Exercise goal:
Print the lines from the one containing "Lily Collins - Emily" through the end of the material below, both included, exactly as they appear and without pictures.

Information shown:
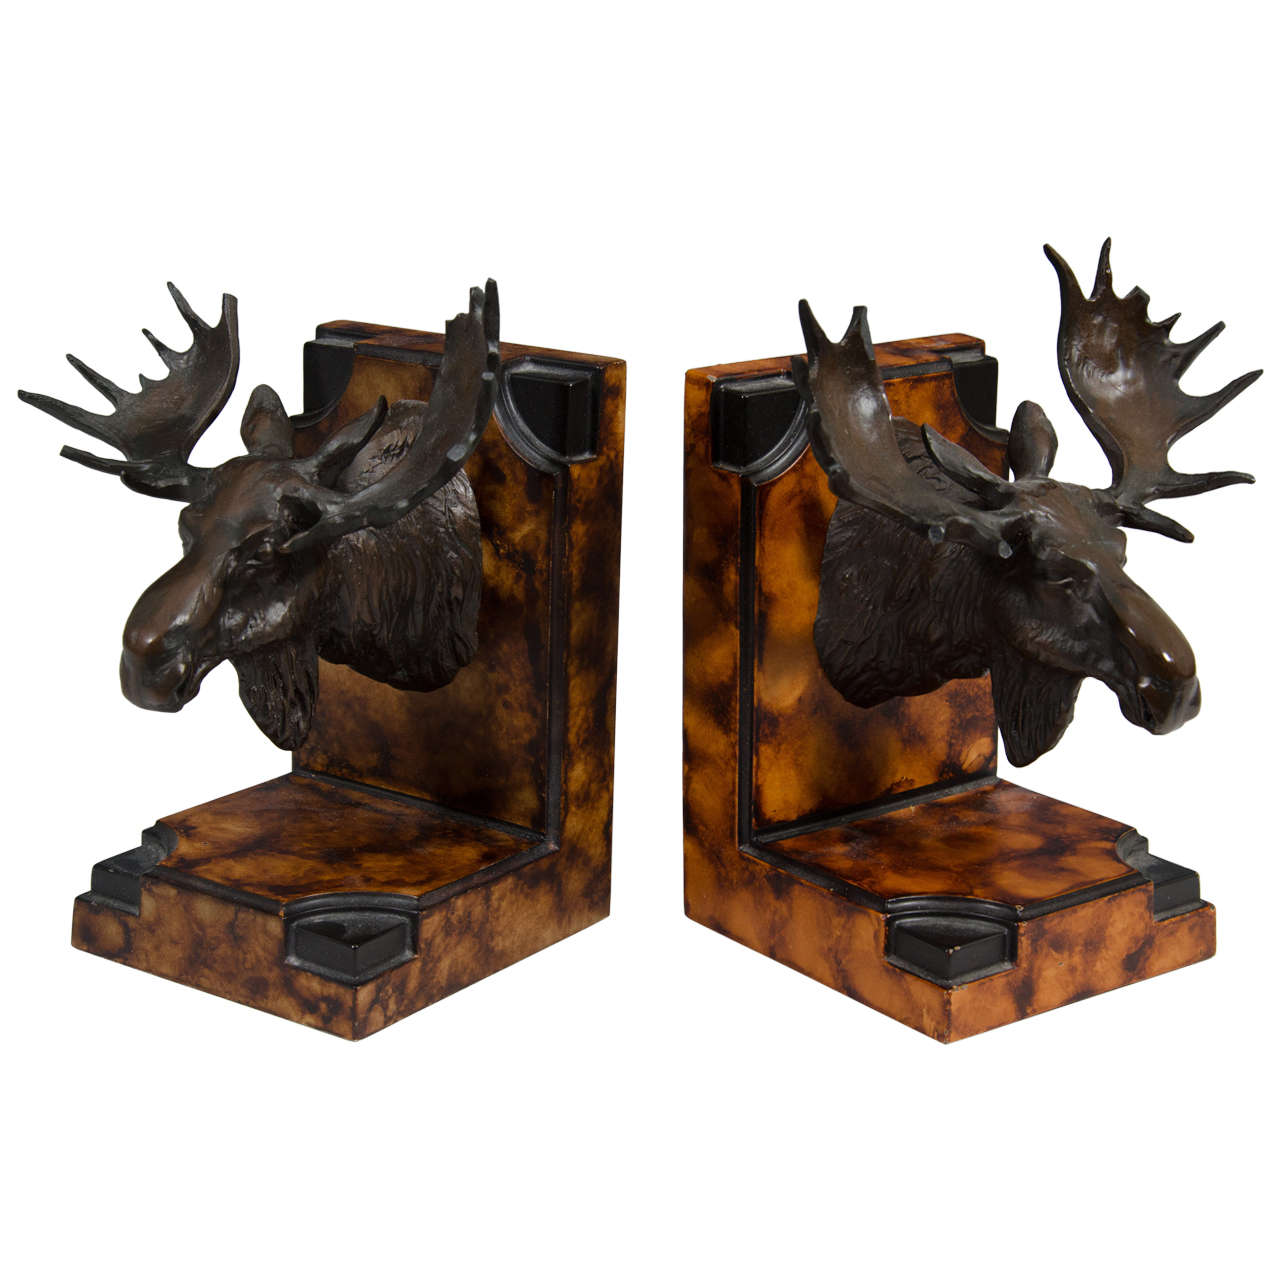 Moose Black Metal Bookends sold as a pair 
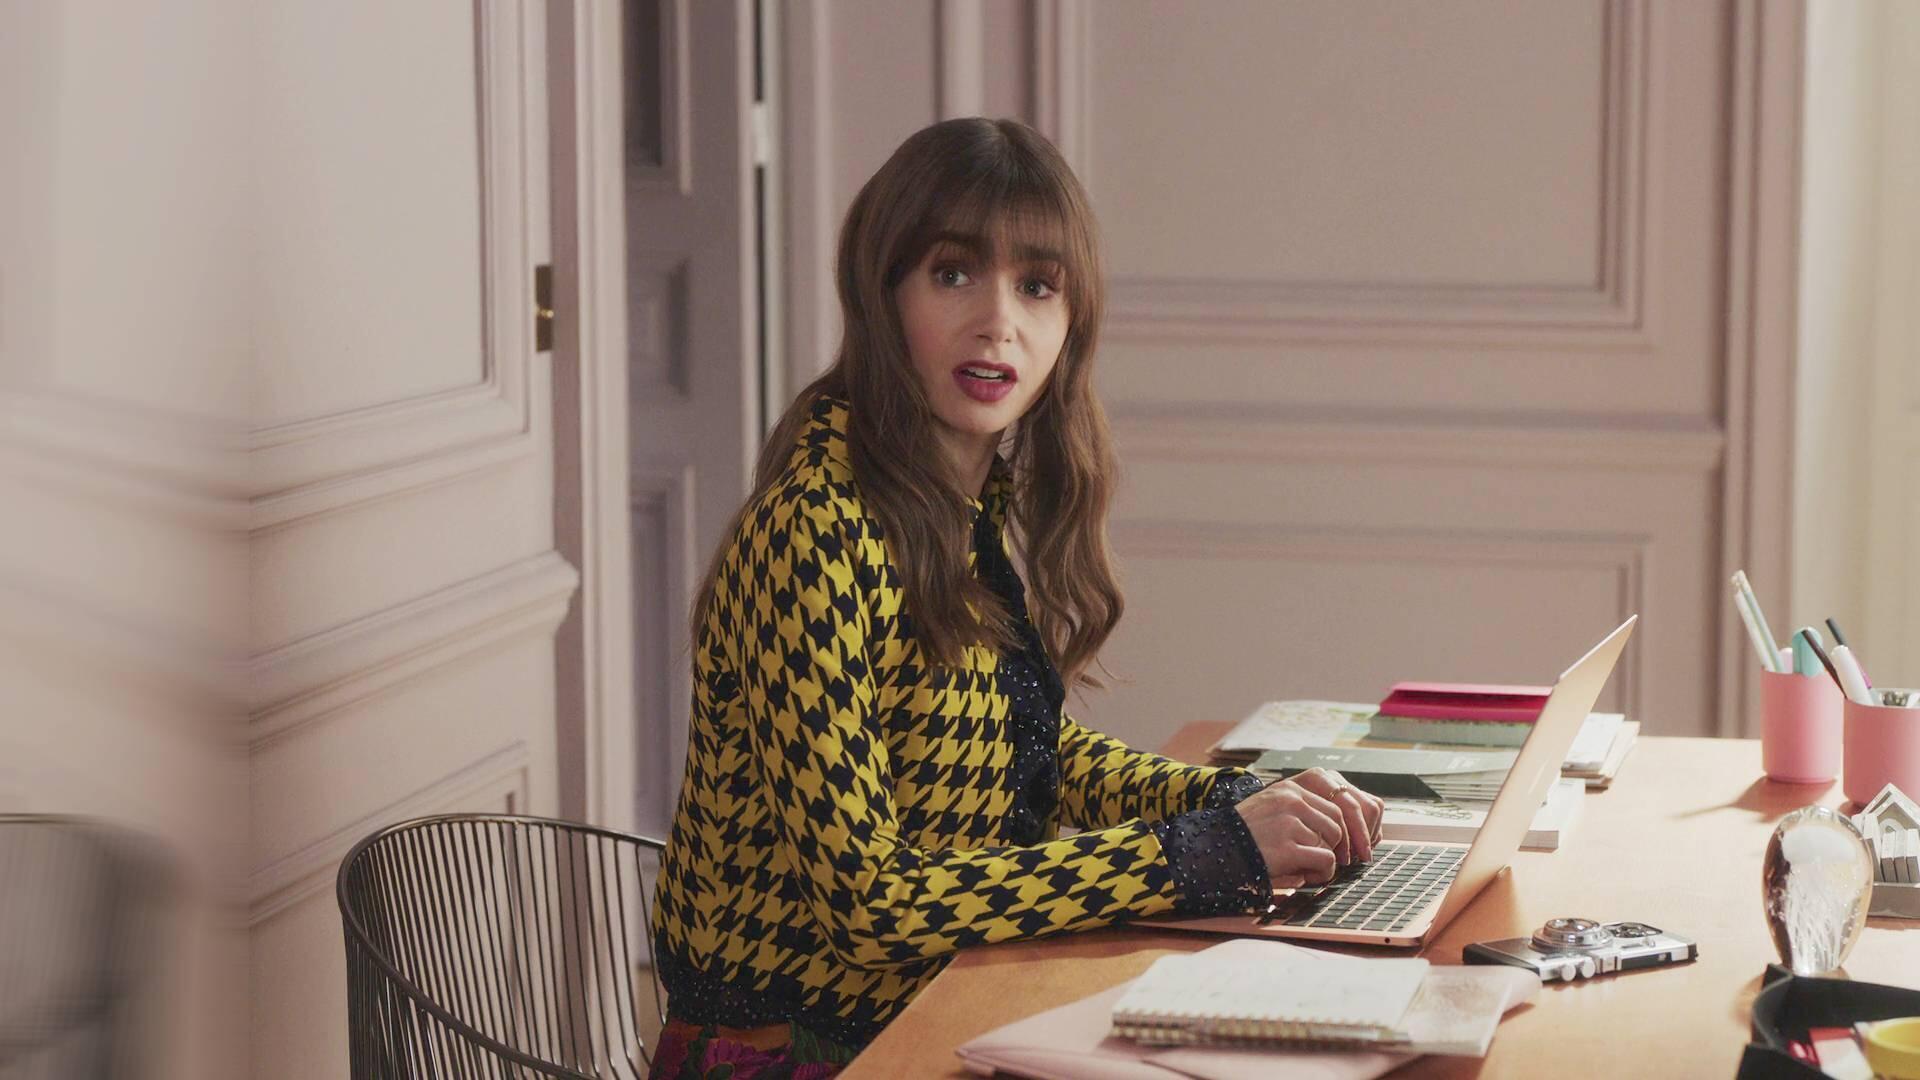 Lily Collins - Emily in Paris | Season 3 Episode 3 | Lily Collins style
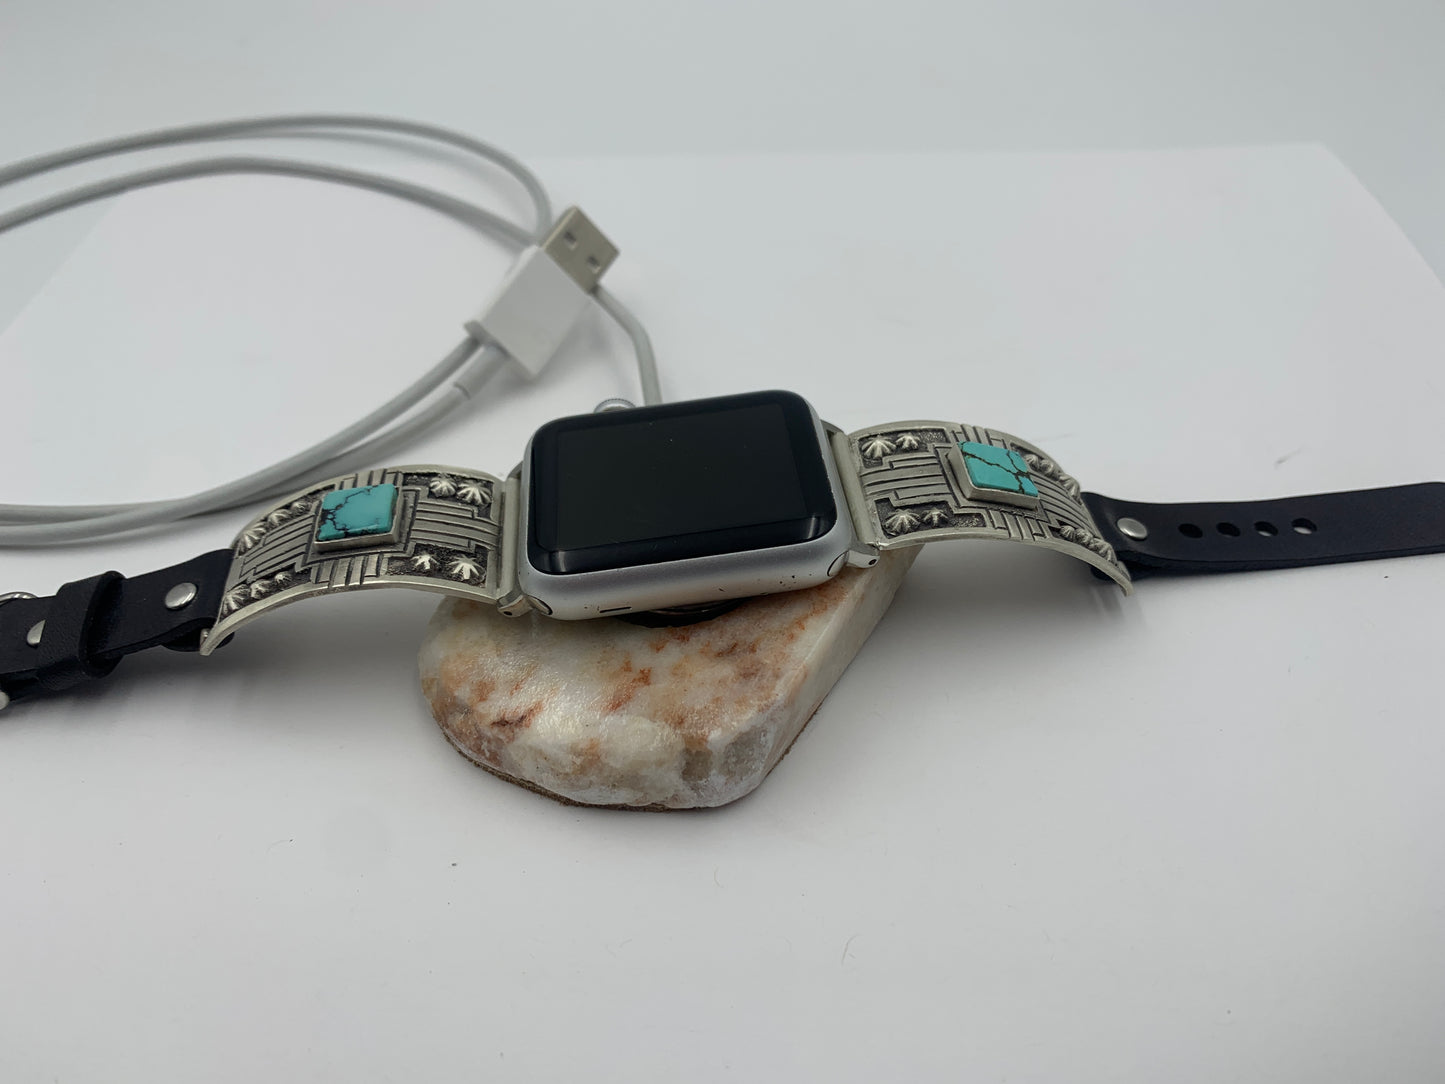 Native American Apple WATCH Charging Stone (JT49)

Exercise answer:
 Lily Collins - Emily in Paris | Season 3 Episode 3 | Lily Collins style
 Native American Apple WATCH Charging Stone (JT49)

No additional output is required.